- **Task prompt**
Return the following data exactly, with all pictures left out.

- **Raw data**
────────────────────────────────────────

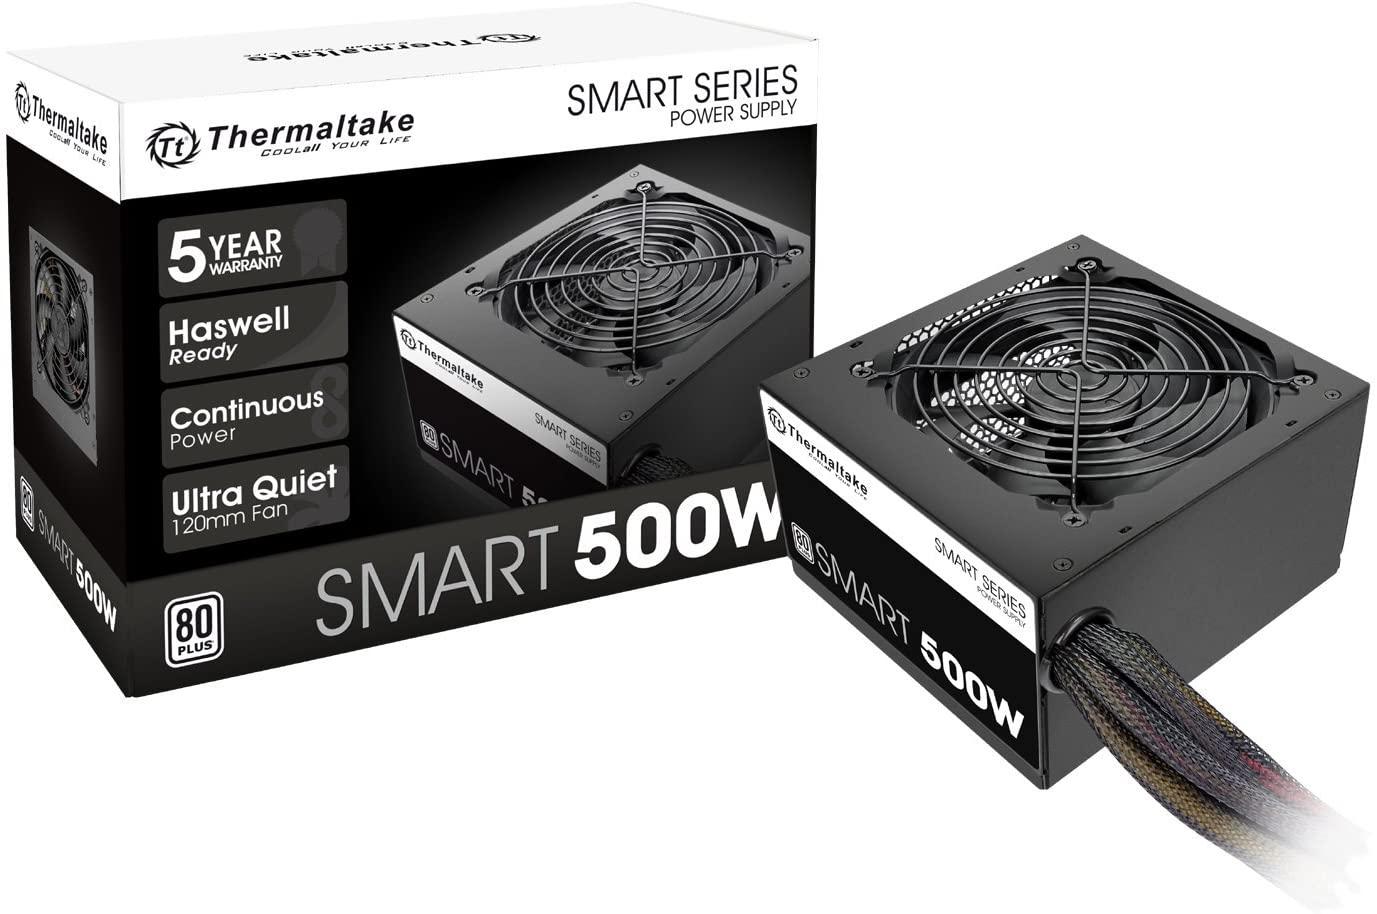 Thermaltake 500W (White) Power Supply PSU / 5-year warranty - $44.99
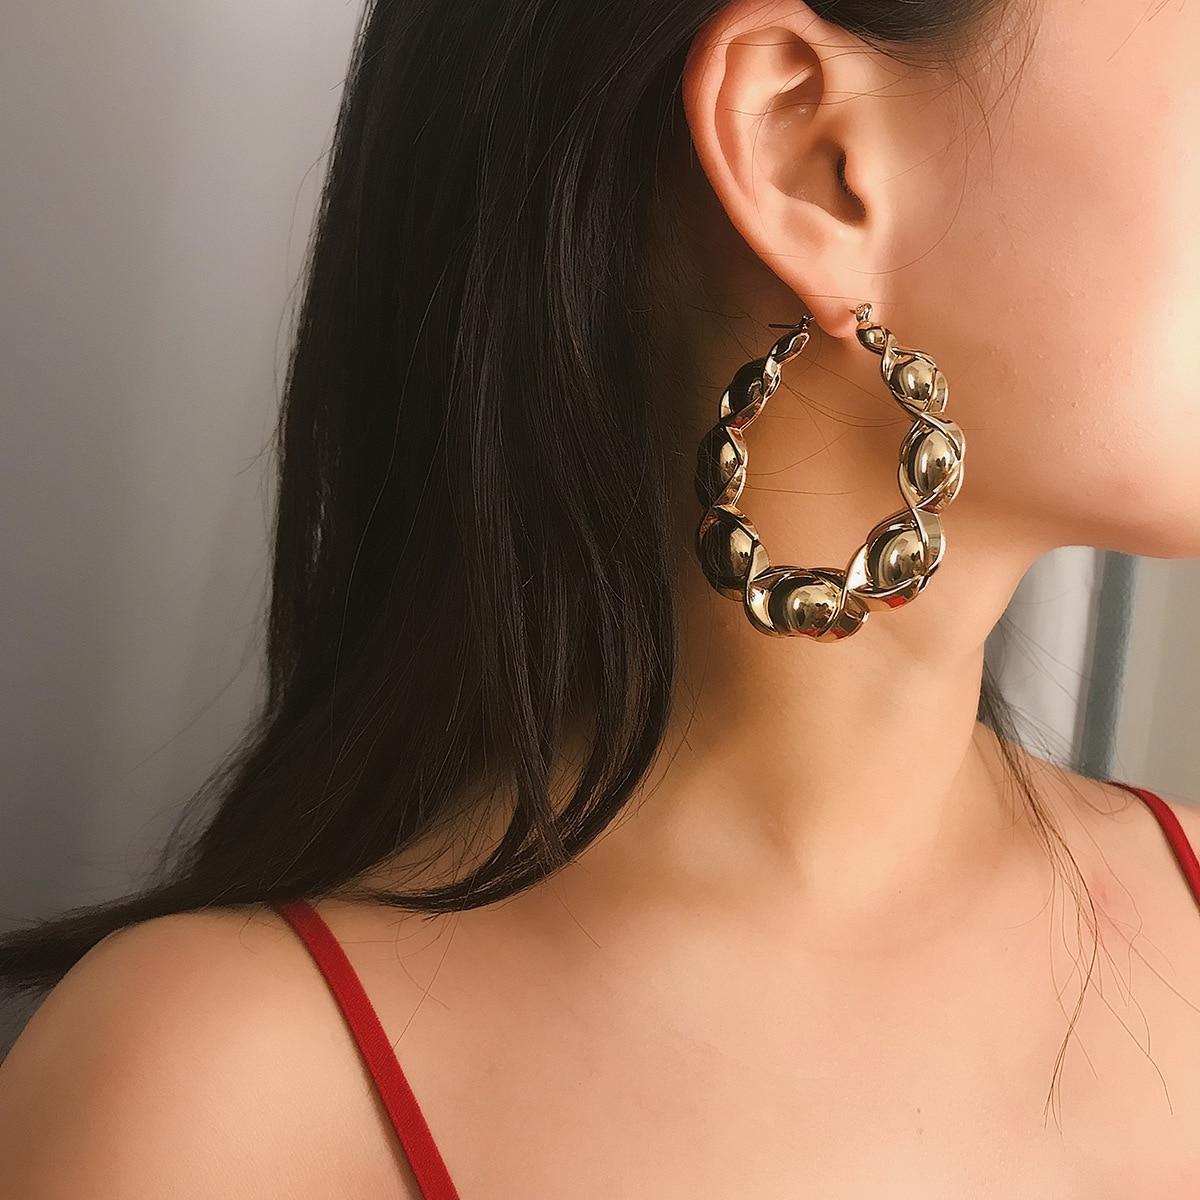 Luxury Punk Gold Color Big Hoop Earring For Women Irregular Geometric Bead Statement Brincos New Fashion Jewelry
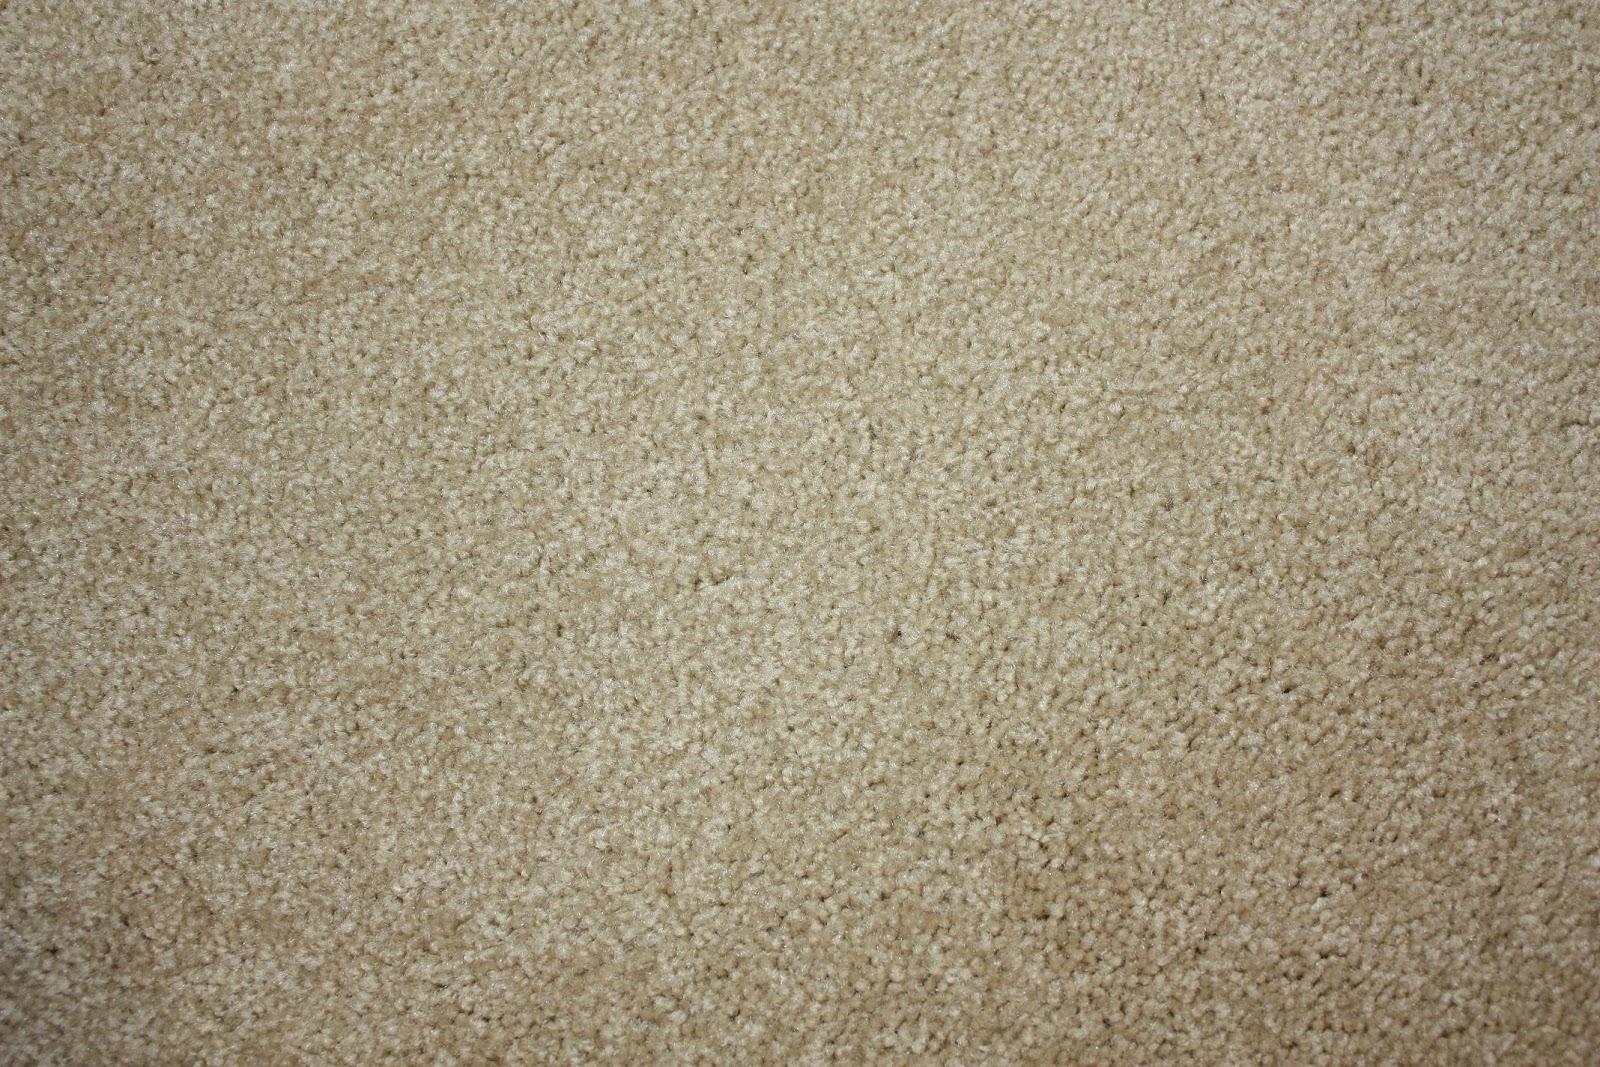 heidi schatze: Operation Listing: Carpet

────────────────────────────────────────

- **Your response**
 Thermaltake 500W (White) Power Supply PSU / 5-year warranty - $44.99
 Luxury Punk Gold Color Big Hoop Earring For Women Irregular Geometric Bead Statement Brincos New Fashion Jewelry
 heidi schatze: Operation Listing: Carpet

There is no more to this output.